A Time of Tigers - From Peasant to Emperor

Chapter 855: The Strength of Resolve - Part 9



"Ready?" Oliver asked them. They gave him respectful nods, as timid of their Lord as they were of the arrows still flying their way. "You," he said, pointing. "Bellow the command – let all our forces know what we intend to do. Tell them to charge."

The man hesitated, apparently surprised to be given such a role. Oliver gave him a nod of reassurance. With these slaves, he was finding that a certain degree of patience and near gentleness was the way to approach them.

Reassured, the man sucked in a deep breath to fill his lungs with air, and he angled his face up, like a wolf howling at the moon.

"CHAAAAAAAARGGGGGGGGEEEEEEEEEEEEEEEEE!"

The man shouted. Oliver grinned, but threw his shoulder into the pushing pole just as the rest of them did. The bellow had worked better than he had expected. It even caused a pause in the Macalister arrow fire, as they hesitated. Both big, and loud, those slaves that Greeves had found for him were something special.

They moved with a vigour. Oliver could never have expected that the cart would gain speed so fast. The men moved it so quickly together as to manhandle it. The back wheels even raised slightly at the initial push, but they soon settled again, and that force went to speed as the wheels began to turn, and they churned a path through the snow.

With each step, they went faster. The men were roaring now. He liked that about the slaves. They weren't afraid to be loud anymore. This was the time and place for a battle cry, if ever there was one. This was the very tightrope that spanned the chasm between earth and hell.

Both sides witnessed the charge with a tenseness. Verdant clenched his teeth, praying for his Lord. Nila held her bow ready, knowing that a man with oil was sure to come, she planned to aim for him the second that he did.

Talon alone remained at the height of calm, even as his two attendants stiffened, feeling the urge to do something in response to the aggression that was being sent their way.

"The second that battleram touches the gate, have the oil man pour it," Talon said, almost lazily. He was quite convinced, as well as he should be, that the battlerams would only last an instant.

One might have thought that he'd be more concerned about setting fire to a battleram so close to his own gates, but he knew well enough that the amount of oil he intended to use would do no more than scorch the very surface of his well-treated gates.

Nila drew back the bowstring, seeing movement. Jorah looked from her, back to the wall, and back to her again. He nervously wondered if she could possibly land such a shot. Even for her, it would be difficult. There were so many shieldmen in the vicinity, after all, and the lip of the wall itself only made the target harder to hit.

Oliver thudded forward. His plan was to play reactionary. He was looking up towards the wall for the oil man – or men, for he expected there to be at least two of them – and planning his disengagement for the moment he saw those oil jars beginning to fall.

He was putting his own fair share of strength into the pushing poles.

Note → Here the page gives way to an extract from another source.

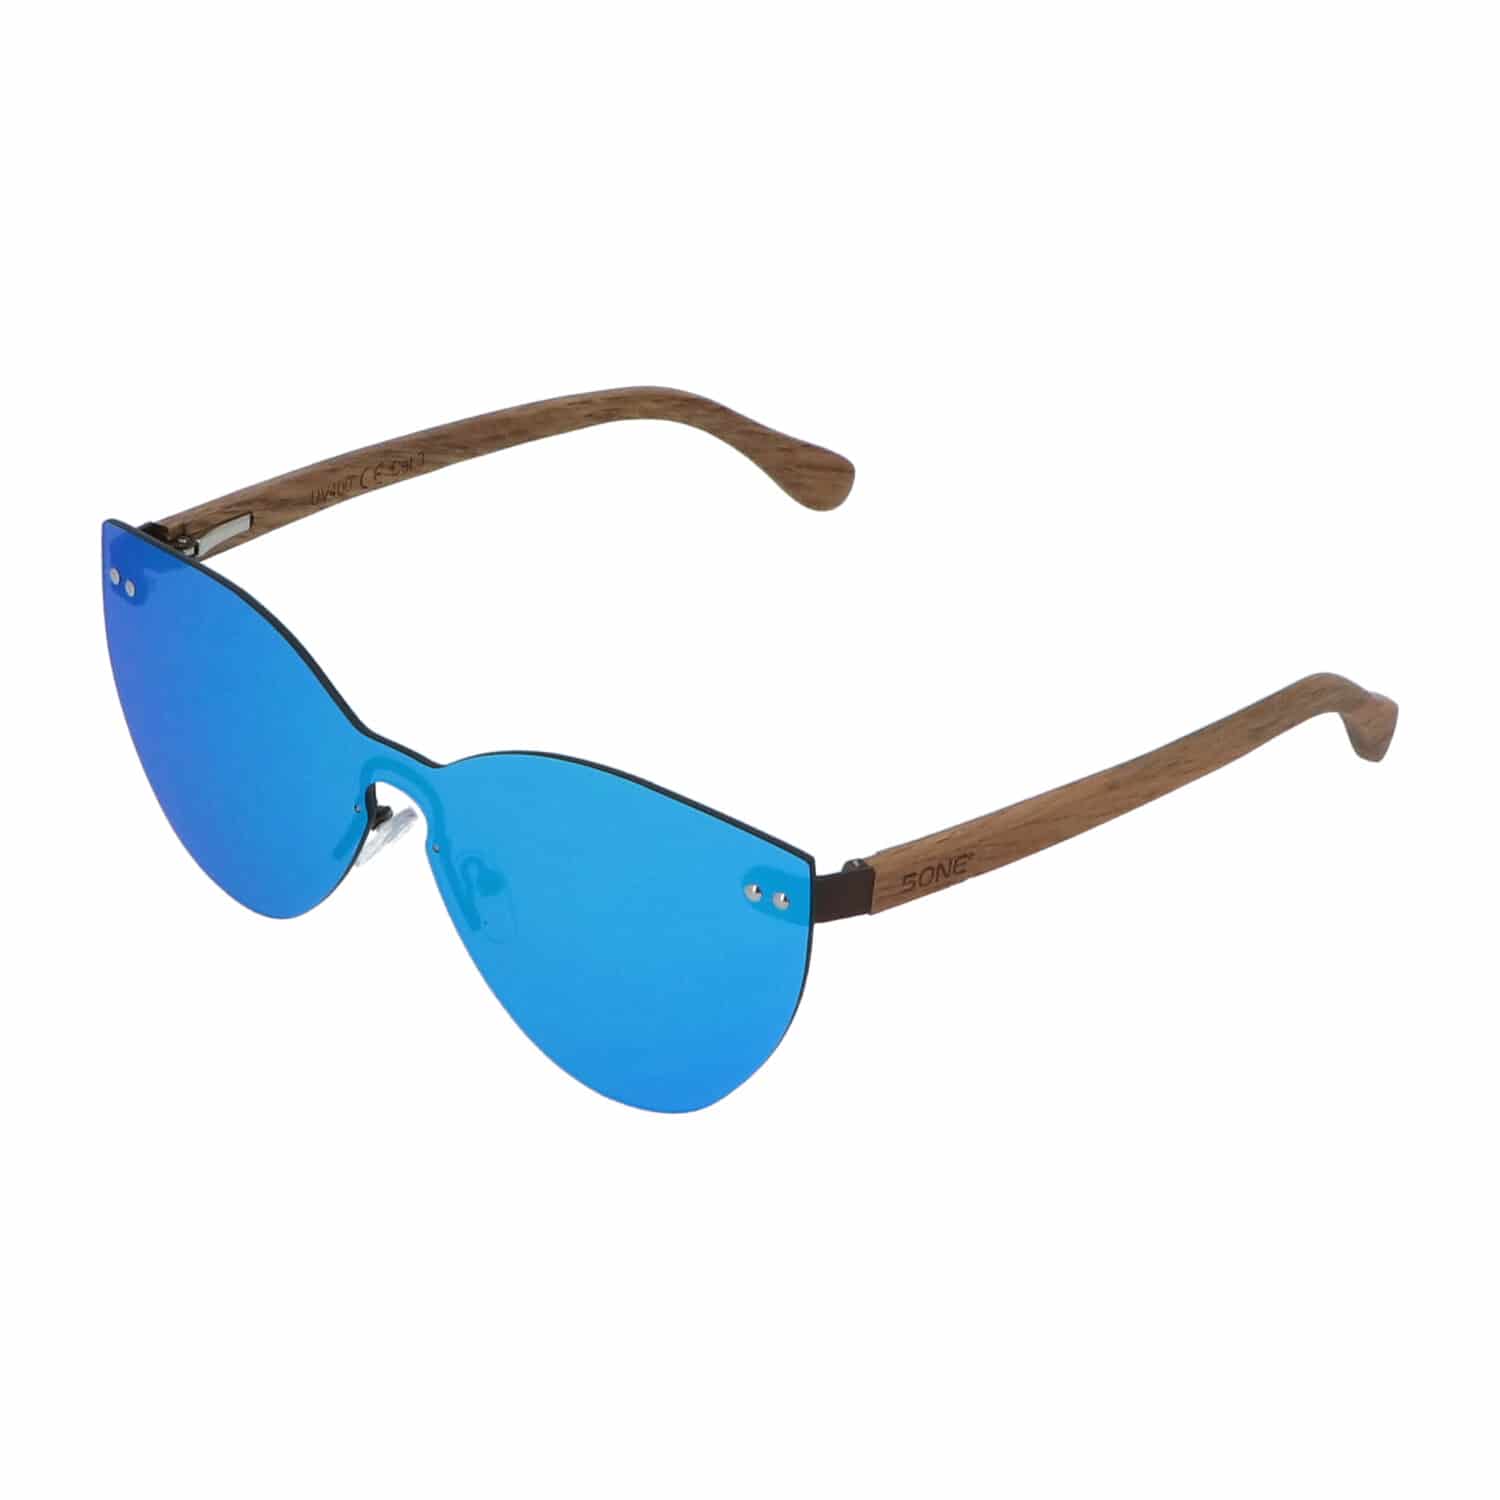 5one® Honolulu Butterfly Flat Ice Blue - Duwood hout zonnebril - blauw

Had the men to either side of him not been so focused on their own tasks, they might have seen the green-wood pole beginning to bend ever so slightly from where Oliver was driving his shoulder into it.

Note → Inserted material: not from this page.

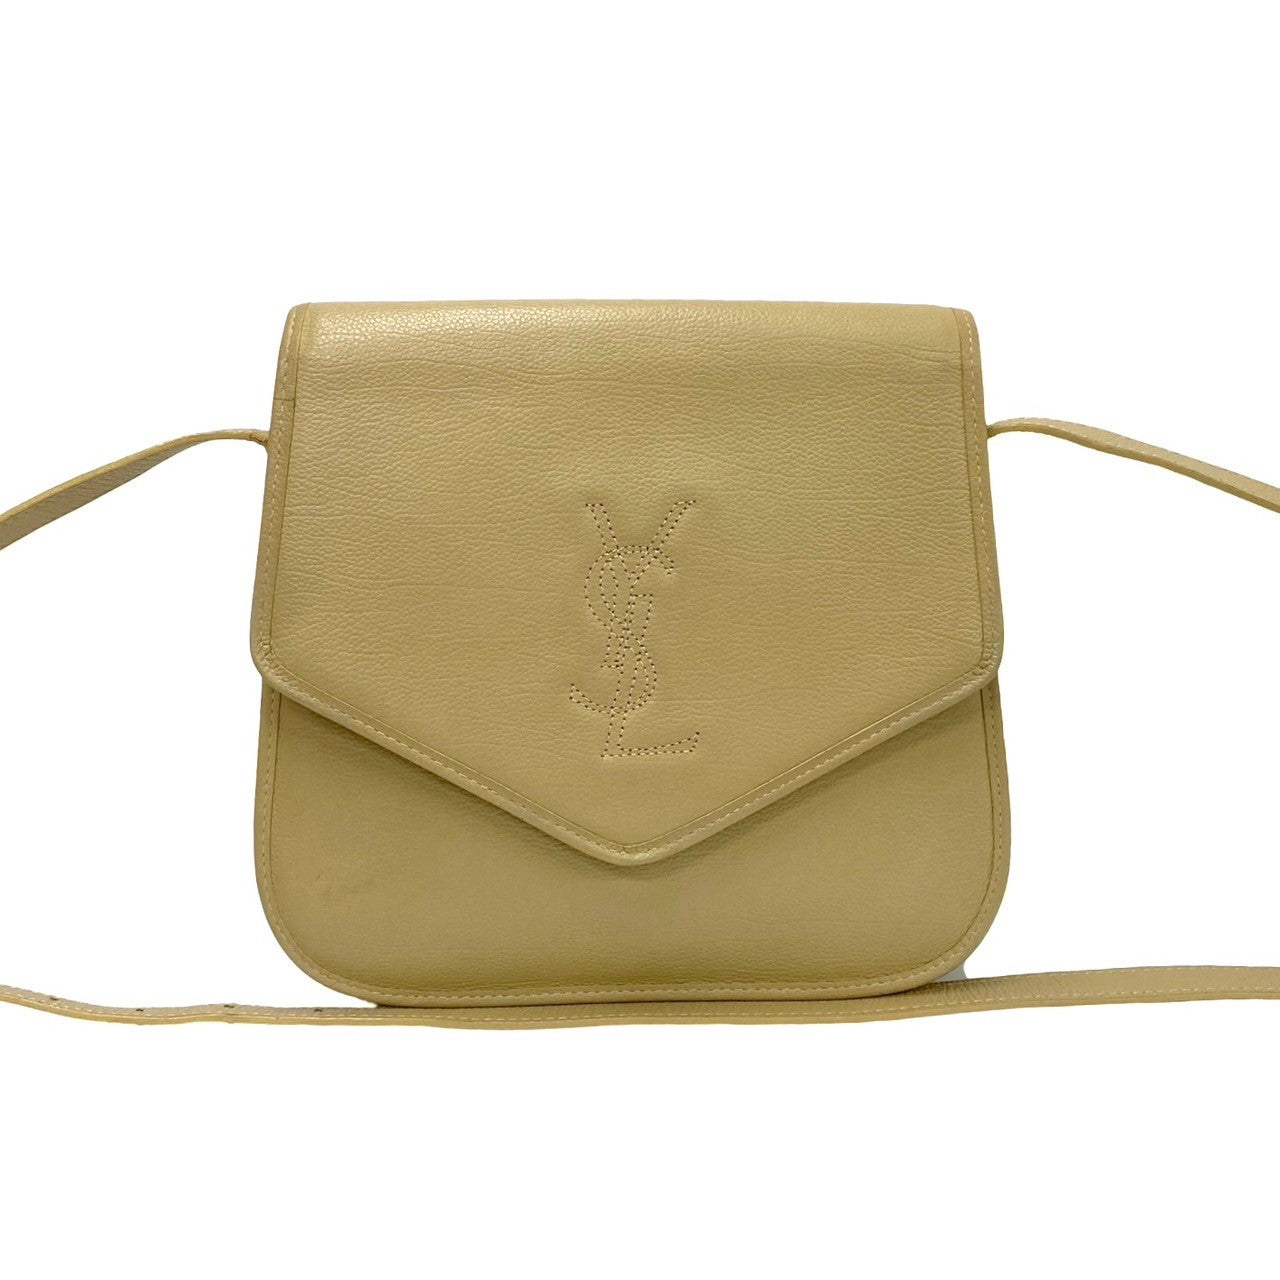 Yves Saint Laurent Vintage YSL Logo Leather Shoulder Bag Leather Shoulder Bag 69130 in Good condition

"Not yet…" He murmured to himself, daring to play risky, for the entire state of the battlefield hinged on this fact – they only had two battlerams, but it was the first that would really count. As soon as it landed, the gimmick would be up. The enemy would be well aware of the oil-laden state. He needed to get all he could out of it, but the risks were severe.

He could lose twenty-five men all in one go, to thoroughly horrific deaths. He himself would be included in that number.

He spied the oil man, and began to tense. "Shit…" He cursed. He still wasn't as close as he wanted to be. Another twenty paced, that was what he needed. If the oil man tossed it before they'd landed the battleram home, then they'd be forced to retreat early.

All of a sudden, there was a thwump, and the oil man stumbled backwards, an arrow through his neck.

The large pot of oil that he'd been carrying shattered on the wall and walkway alongside him, splattering more than a few men in that thick black liquid.

"My Lord…" Gadar said, his alarm evident. But General Talon had already seen it. His teeth slammed together, and irritation took over.

He turned his head more violently than he could have intended, and his gauntlets creaked from how tightly he clenched his fist. "That damnable little…" he cursed. The same girl had given him trouble twice. That same unknown element of Oliver Patrick, she was an impossible little thing. Even with the shield walls that General Talon had set up, she'd managed to sneak one through.

It was both evidence of her extreme skill, but also the lagging state of his men. The fact that it was even possible to land an arrow, despite all the shields he'd put in place around the gate, meant that his men had been slacking. They didn't understand the danger. The oil man too had left himself open, too focused on his job.

"They're still too damn green," General Talon sighed. "Oomly – grab another pot, and drench them. Don't make the same mistake that he did."

"Yes, General!" Oomly saluted quickly, and went stomping away to the oil store, picking a jar far larger than his predecessor. As Oomly was usually inclined to do, he once more went off the rails with the most straightforward of procedures.